Daddy turned the radio off and Mommy and Daddy kept watching the TV. They'd go to the bathroom every few hours, but I kept it in like a good doggy should. Then, after a few days, the wind stopped and the sun came out. Everything was the same, but everything was different. See, once the TV said it was clear, I got walked outside and I smelled the grass where all the dogs marked their territory, but all of the marks were washed out by the storm. My marks on the trees were also washed out by the storm. Then, after the walk, Mommy and Daddy took me on a ride in their car. When we got to the hospital, they put my special tag on and we came in. We went to see Mommy's daughter and her family. Mommy's daughter was hooked up to a weird machine that went “meep, meep”. Mommy and Daddy stayed with the daughter and her family. Each one of them took her hand and said words to her. Then, they put me on the bed. I smelled her face which smelled like sweat and tears so I licked it, since it smelled yummy and Mommy and Daddy told me I was a good dog. The seasons changed every year but this season's season change was weird. This place where the family moved to doesn't have any snow, ice, hail, etc., but they have these weird hurricaines. If my family knew about these hurricaines, I bet you they would have stayed in our old home. We stayed in this place for a few days and Mommy and Daddy and their family all said prayers.
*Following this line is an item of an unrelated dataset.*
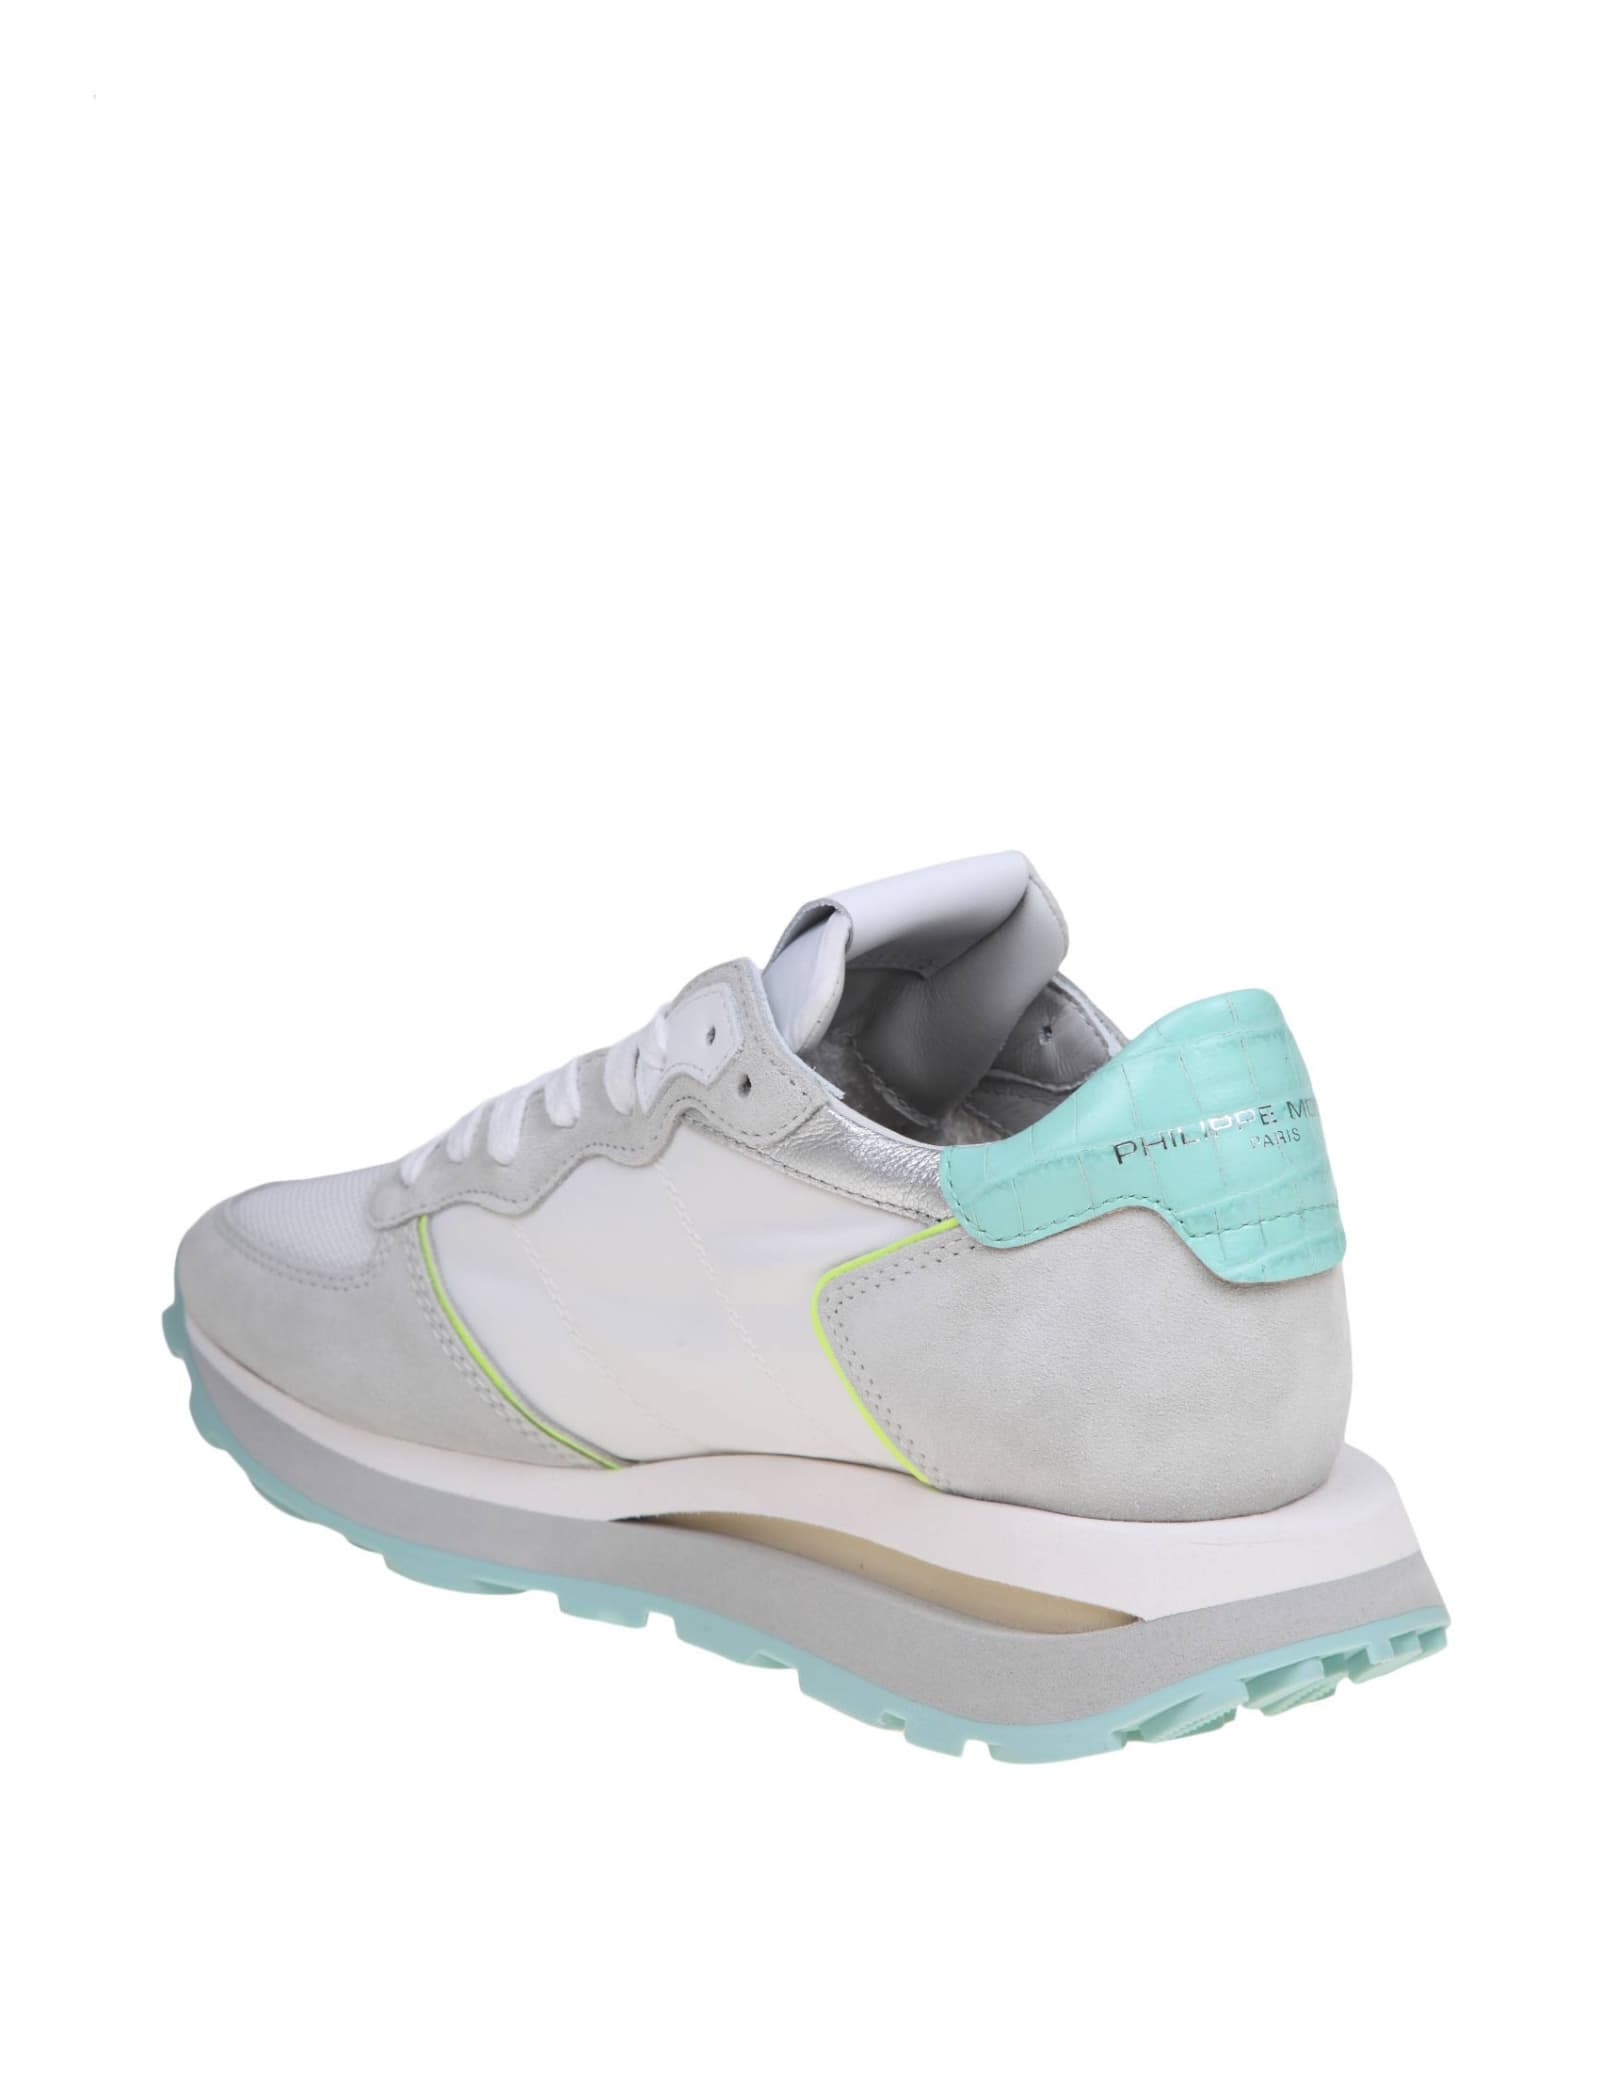 Shop Philipp Plein Philippe Model Tropez Sneakers In Suede And Nylon Color White And Turquoise

Then, after a few weeks, the daughter woke up, but she sounded drunk. The doctors told our family she would need a lot of physical therapy, occupational therapy, speech pathology, and other rehab and they couldn't promise she'd make a full recovery. Then, Mommy and Daddy took me home, they both showered and they slept. I was a good dog, but couldn't help the daughter. I was a good dog.